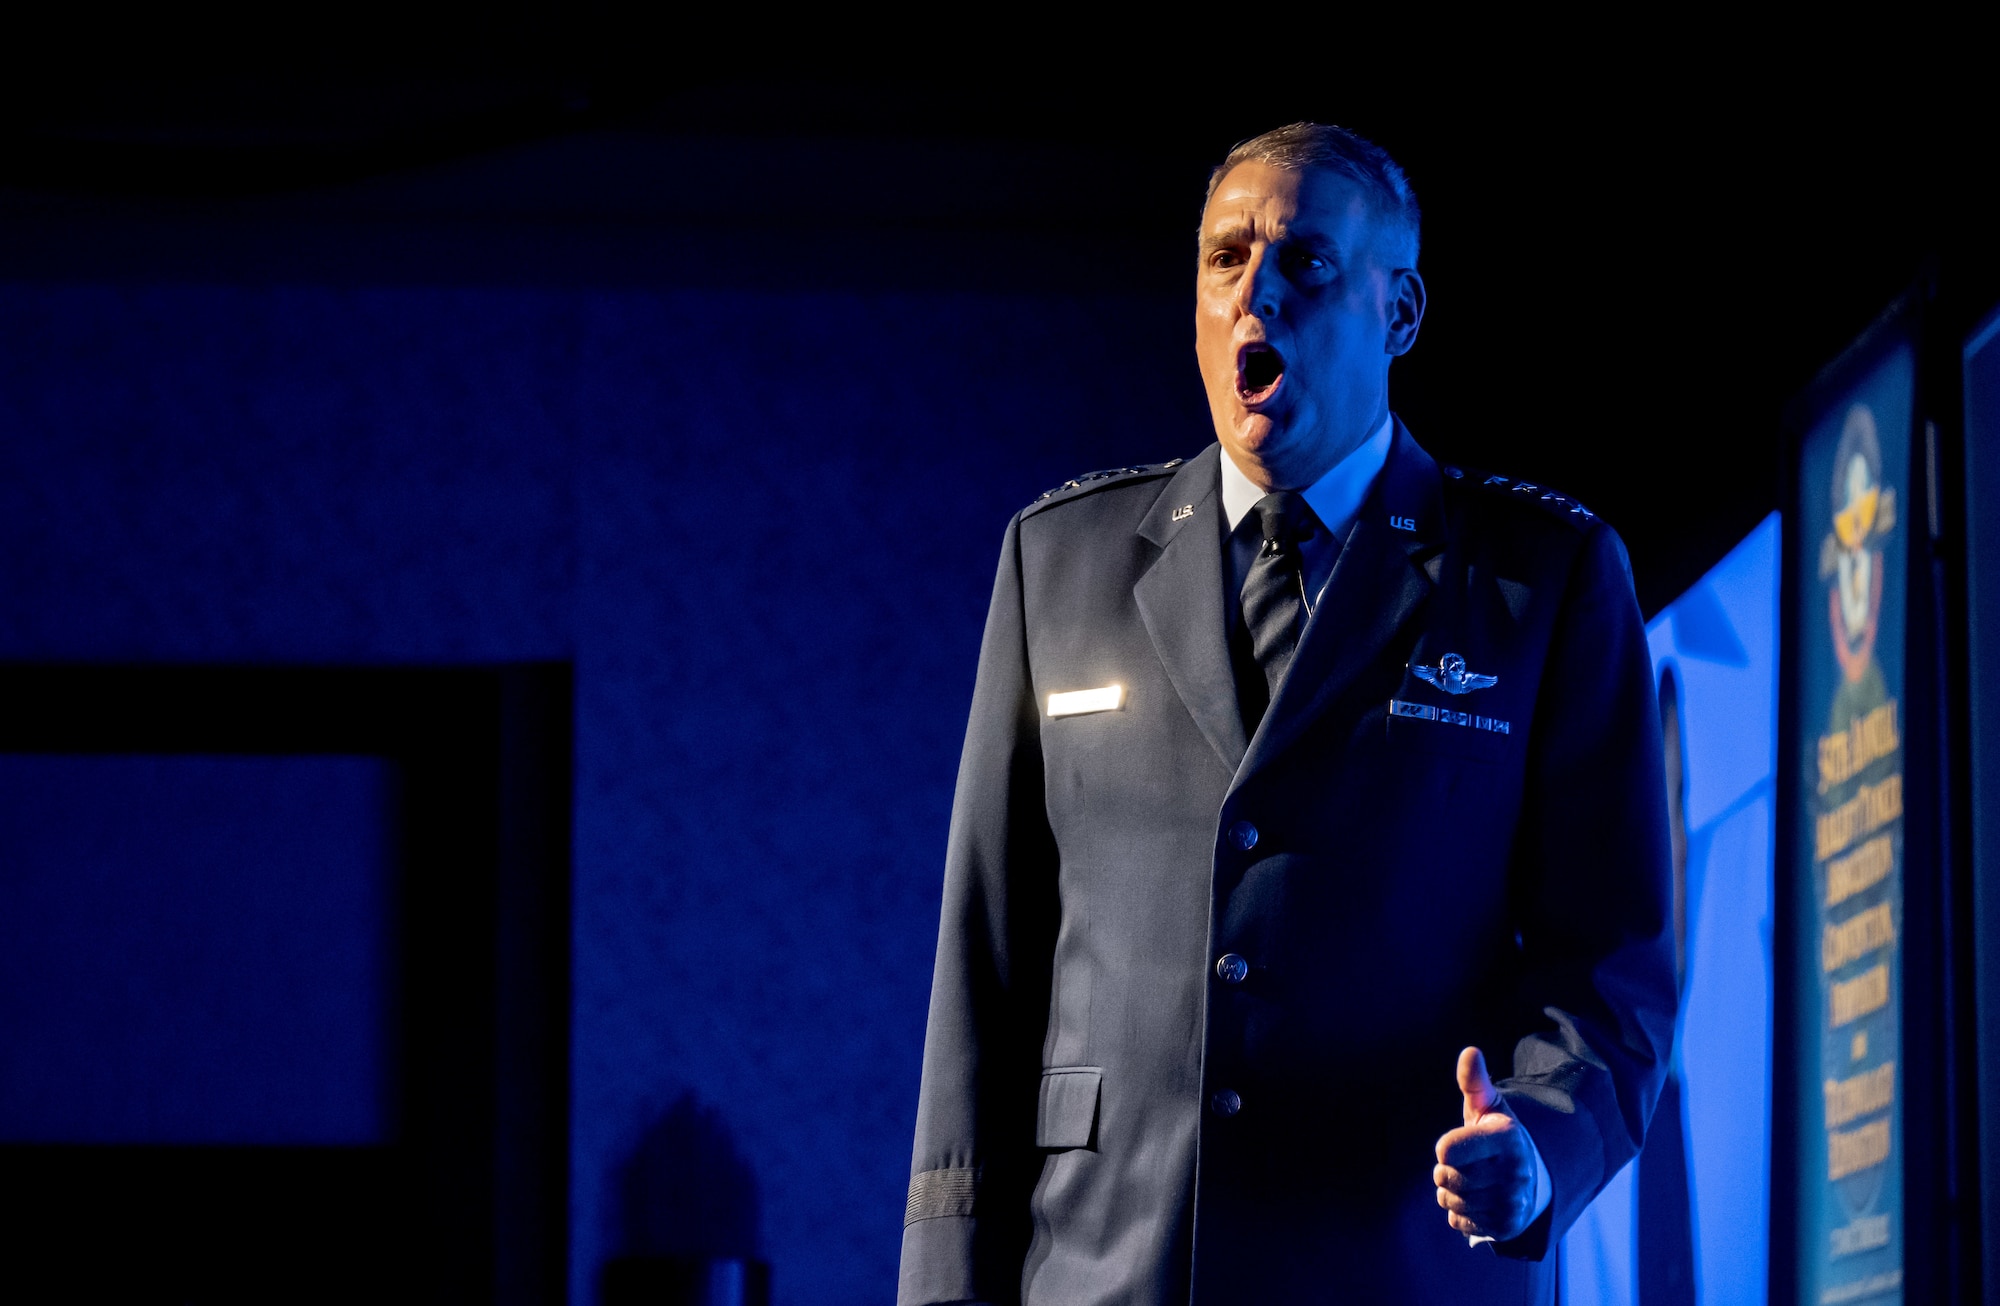 Gen. Mike Minihan, Air Mobility Command commander, delivers his keynote address during the Airlift/Tanker Association Symposium in Denver, Colo., Oct. 27, 2022.  Minihan provided a “state of the Mobility Air Forces” and the path ahead of Mobility Guardian 2023 and a potential near-peer and peer fight.  Additionally, he illustrated the need to leverage a Warrior Heart culture to address the realities of lethality Mobility Air Forces are being asked to bring to the joint fight.  This year’s symposium brought together 1,600 Air Force senior leaders, industry partners, media, partner nations representatives, and Airmen with mobility equities, to include Airmen from Air Force Special Operations Command and Air Force Education Command. The open environment drove discussion on issues and challenges facing America and the Air Mobility community at large, with a specific focus on the Indo-Pacific area of responsibility and the mobility joint force requirements that will yield safety and security for the nation. (U.S. Air Force photo by Master Sgt. Jodi Martinez)
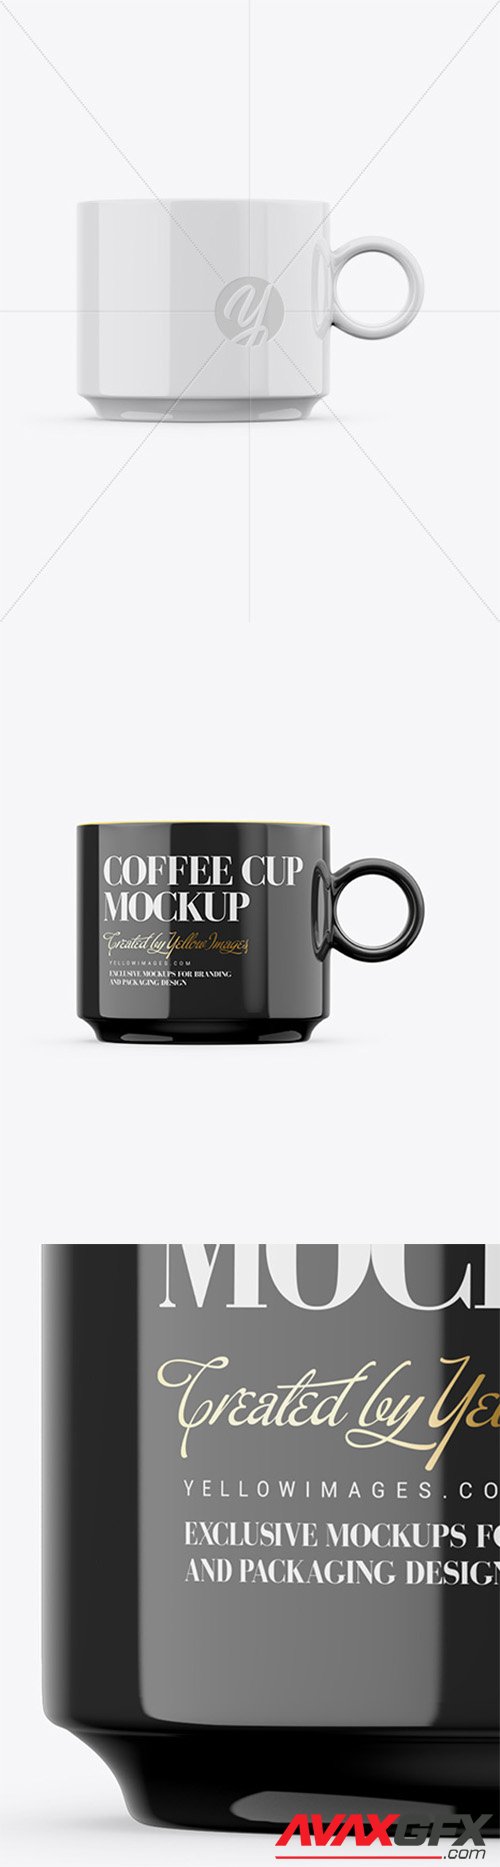 Download Glossy Coffee Cup Mockup Front View 26660 Avaxgfx All Downloads That You Need In One Place Graphic From Nitroflare Rapidgator PSD Mockup Templates
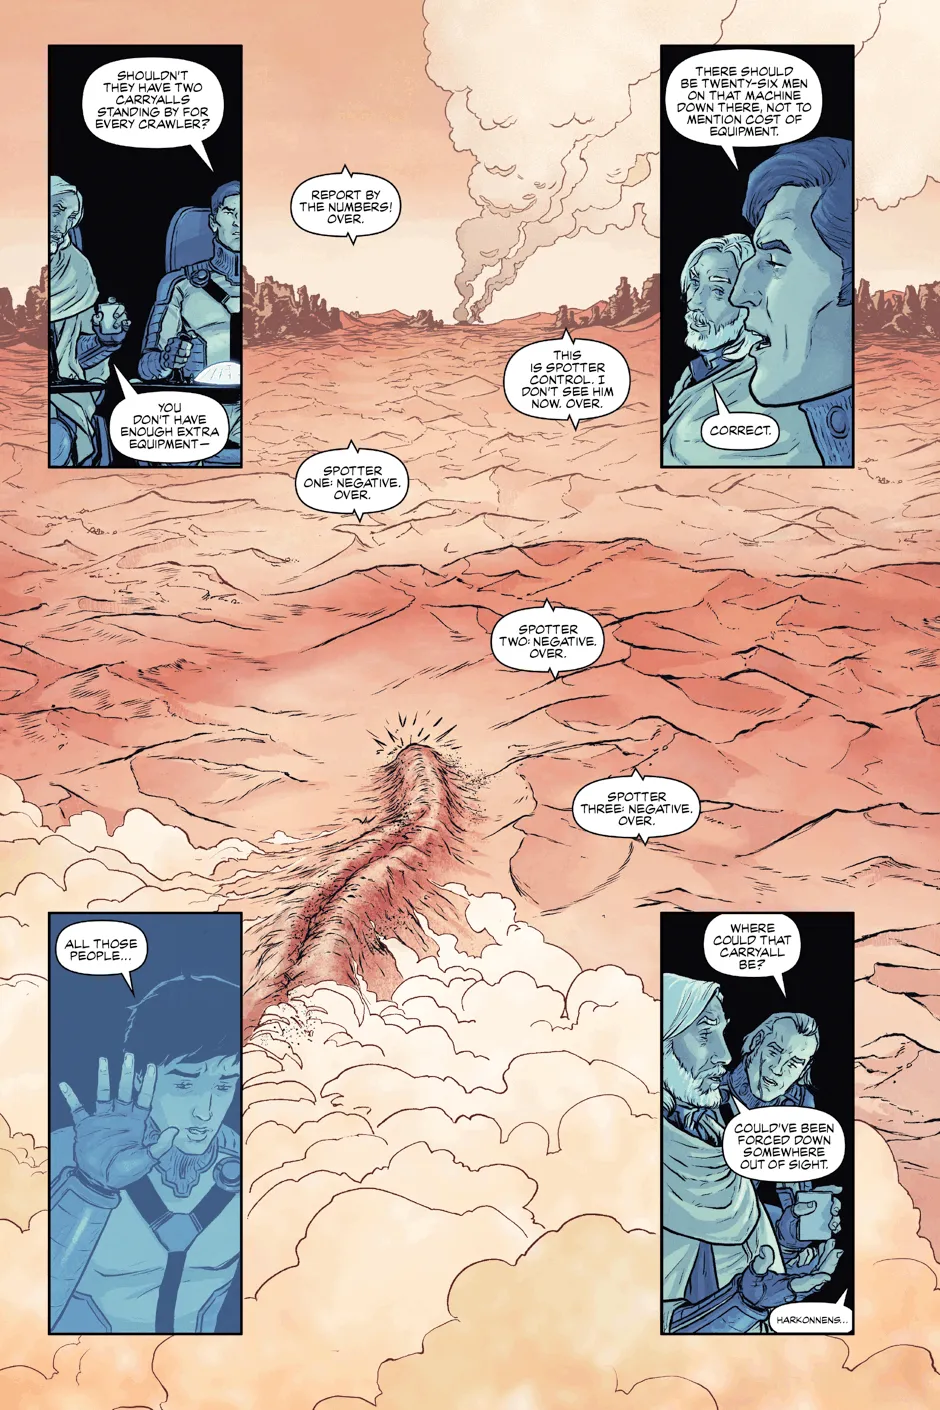 Page 82 of Dune: The Graphic Novel, adapted by Brian Herbert and Kevin J. Anderson, illustrated by Raúl Allen and Patricia Martín, published by Abrams ComicArts © 2020 Herbert Properties LLC
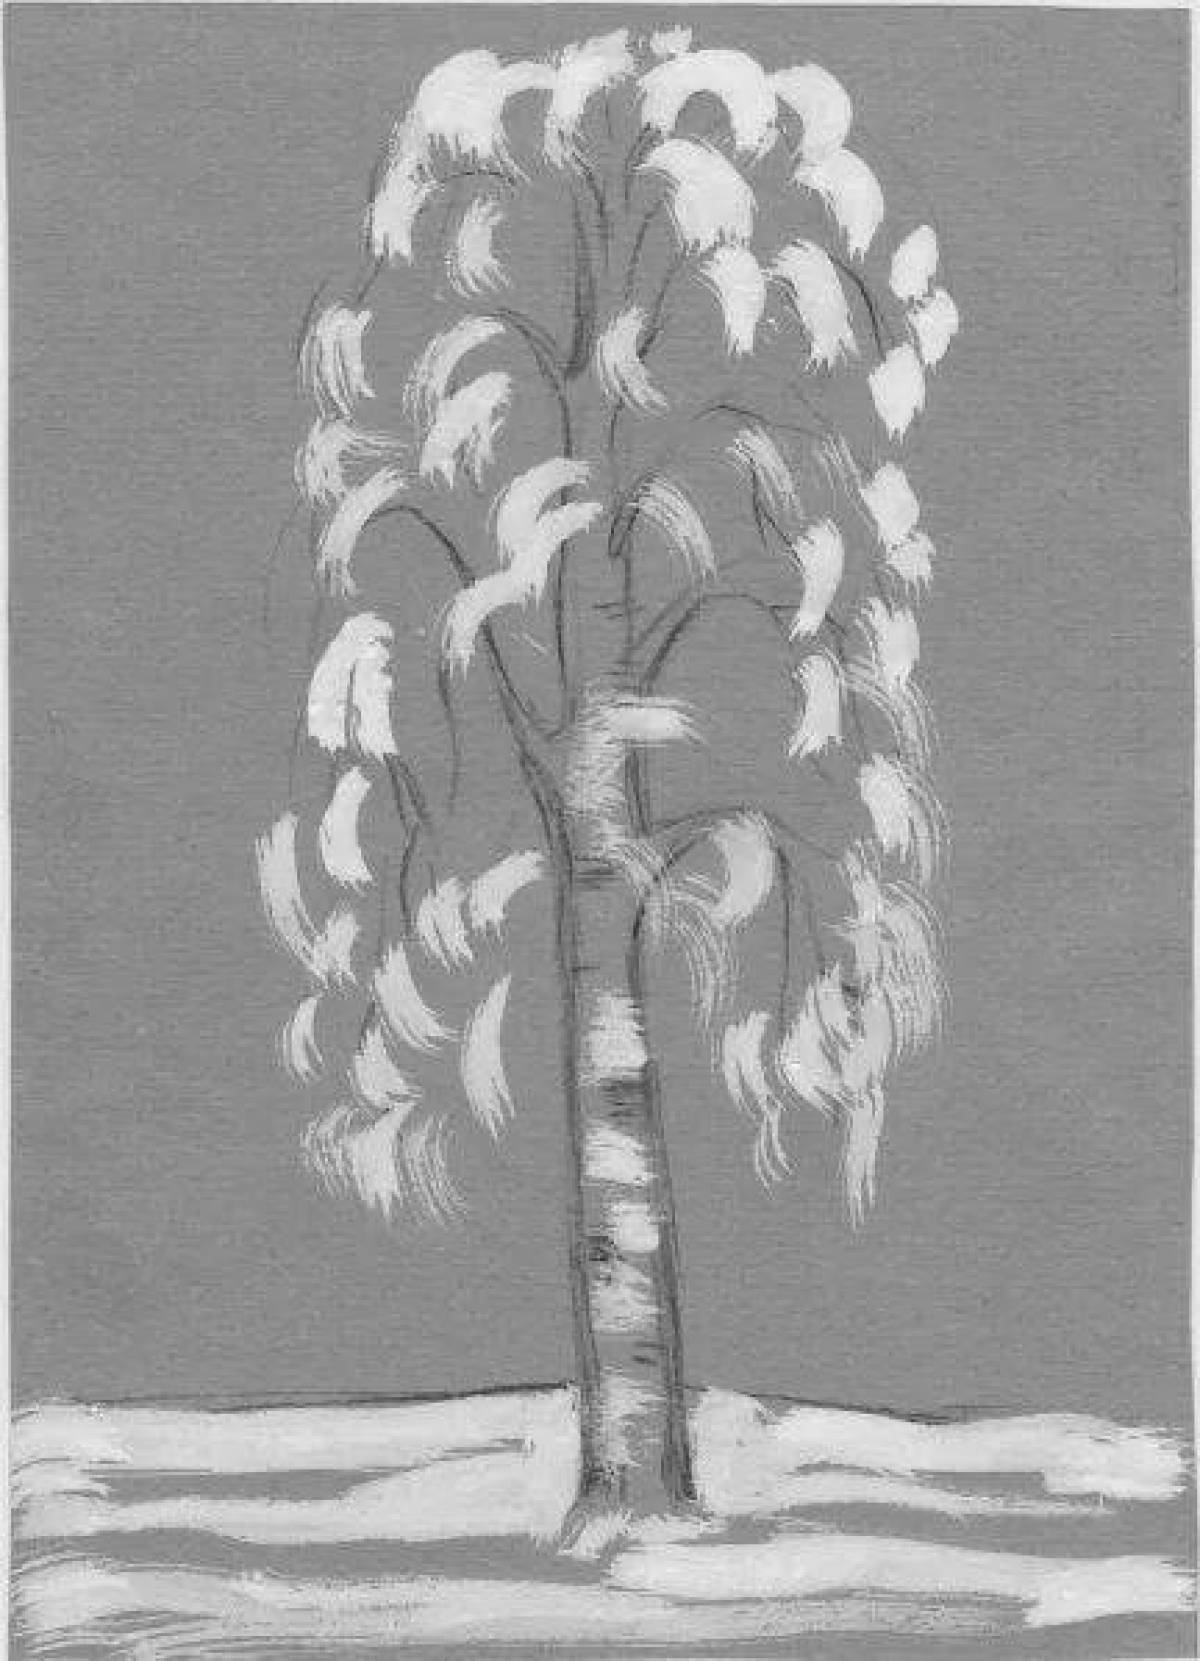 Coloring book magical birch in winter

**Task to carry out**
Set down word for word, from the line that contains "Download Glossy Coffee" to the end of the listing above, every line and no picture.

**Written answer**
 Download Glossy Coffee Cup Mockup Front View 26660 Avaxgfx All Downloads That You Need In One Place Graphic From Nitroflare Rapidgator PSD Mockup Templates
 Page 82 of Dune: The Graphic Novel, adapted by Brian Herbert and Kevin J. Anderson, illustrated by Raúl Allen and Patricia Martín, published by Abrams ComicArts © 2020 Herbert Properties LLC
 Coloring book magical birch in winter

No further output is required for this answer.